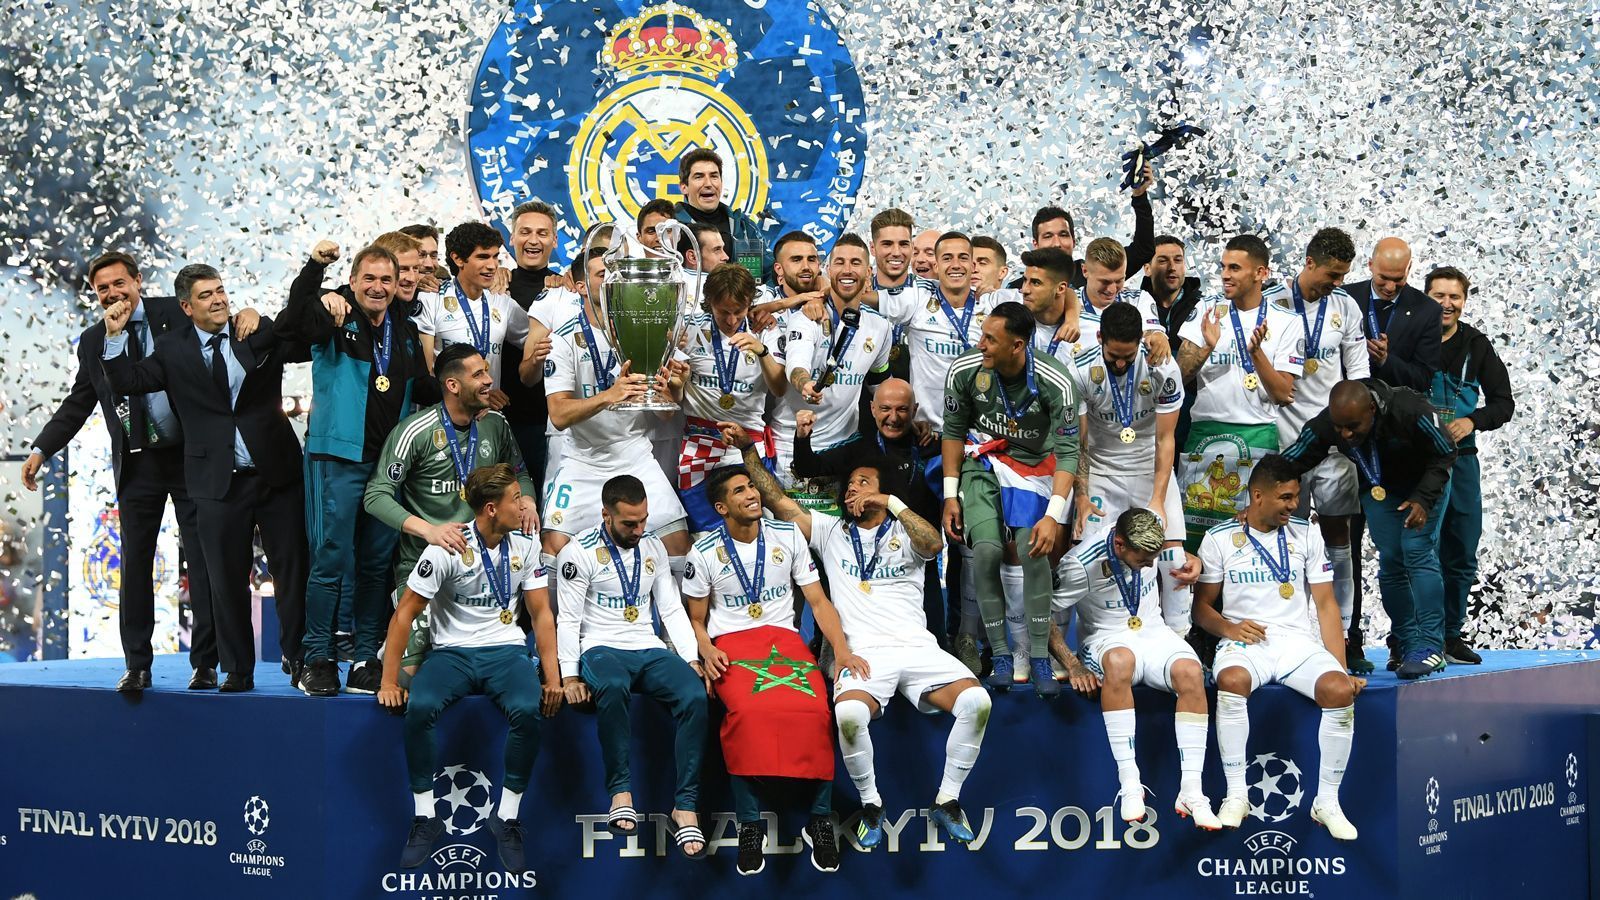 
                <strong>Champions League</strong><br>
                Der wichtigste Klubwettbewerb, den die UEFA derzeit austrägt, ist die Champions League. Seit 1992 trägt die "Königsklasse" diesen Namen, zuletzt wurde sie zugunsten der europäischen Topklubs noch einmal modifiziert. So sind nun jeweils vier Vertreter der Top-Nationen Spanien, England, Italien und Deutschland automatisch für die Gruppenphase (mit insgesamt 32 Teams) qualifiziert. Zuletzt sorgte der Titelträger Real Madrid für Aufsehen. Die Spanier waren nicht nur die erste Mannschaft, die den Henkelpott zwei Mal in Folge gewinnen konnte, sondern stellte in diesem Jahr mit drei Champions-League-Titeln in Serie einen Rekord auf, der noch lange Bestand haben dürfte. 1993 war übrigens Olympique Marseille mit Rudi Völler erster Sieger der Champions League.
              
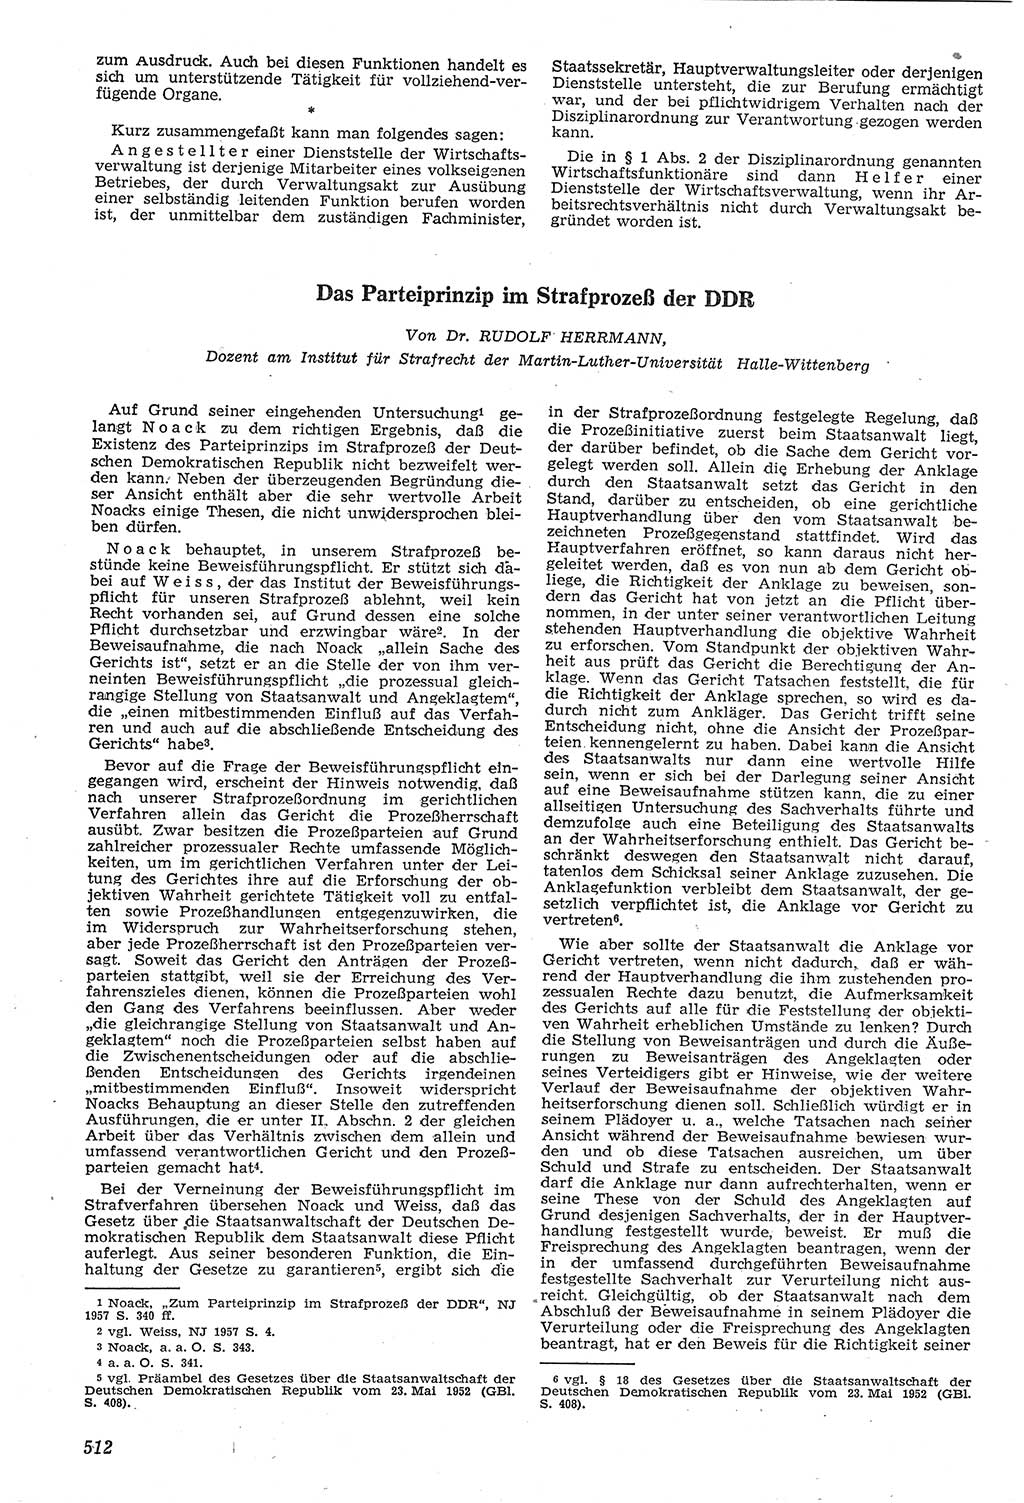 Neue Justiz (NJ), Zeitschrift für Recht und Rechtswissenschaft [Deutsche Demokratische Republik (DDR)], 11. Jahrgang 1957, Seite 512 (NJ DDR 1957, S. 512)
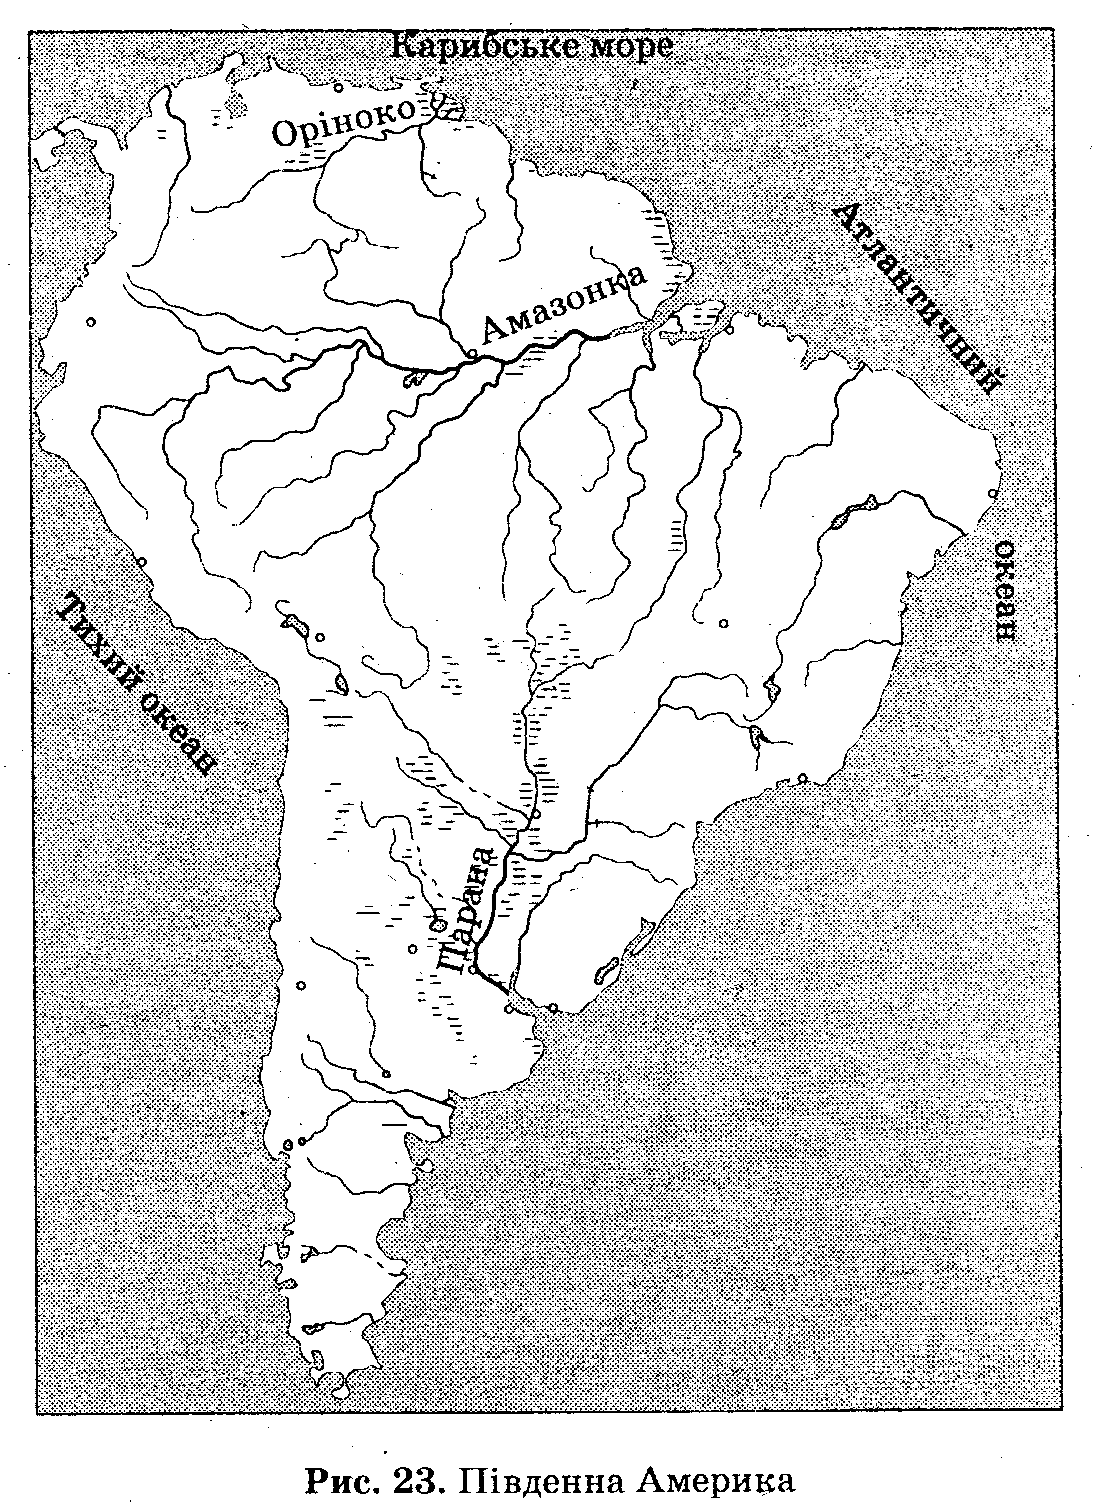 Водопады южной америки контурная карта. Крупнейший реки и озера Южной Америки на карте. Озера Южной Америки на контурной карте. Реки Южной Америки на контурной карте. Крупные реки и озера Южной Америки на контурной карте.

▶ **ABOUT THIS EXERCISE**:
All of the data must be set down exactly, with no pictures included.

▶ **YOUR SOLUTION**:
                <strong>Champions League</strong><br>
                Der wichtigste Klubwettbewerb, den die UEFA derzeit austrägt, ist die Champions League. Seit 1992 trägt die "Königsklasse" diesen Namen, zuletzt wurde sie zugunsten der europäischen Topklubs noch einmal modifiziert. So sind nun jeweils vier Vertreter der Top-Nationen Spanien, England, Italien und Deutschland automatisch für die Gruppenphase (mit insgesamt 32 Teams) qualifiziert. Zuletzt sorgte der Titelträger Real Madrid für Aufsehen. Die Spanier waren nicht nur die erste Mannschaft, die den Henkelpott zwei Mal in Folge gewinnen konnte, sondern stellte in diesem Jahr mit drei Champions-League-Titeln in Serie einen Rekord auf, der noch lange Bestand haben dürfte. 1993 war übrigens Olympique Marseille mit Rudi Völler erster Sieger der Champions League.
              
 Neue Justiz (NJ), Zeitschrift für Recht und Rechtswissenschaft [Deutsche Demokratische Republik (DDR)], 11. Jahrgang 1957, Seite 512 (NJ DDR 1957, S. 512)
 Водопады южной америки контурная карта. Крупнейший реки и озера Южной Америки на карте. Озера Южной Америки на контурной карте. Реки Южной Америки на контурной карте. Крупные реки и озера Южной Америки на контурной карте.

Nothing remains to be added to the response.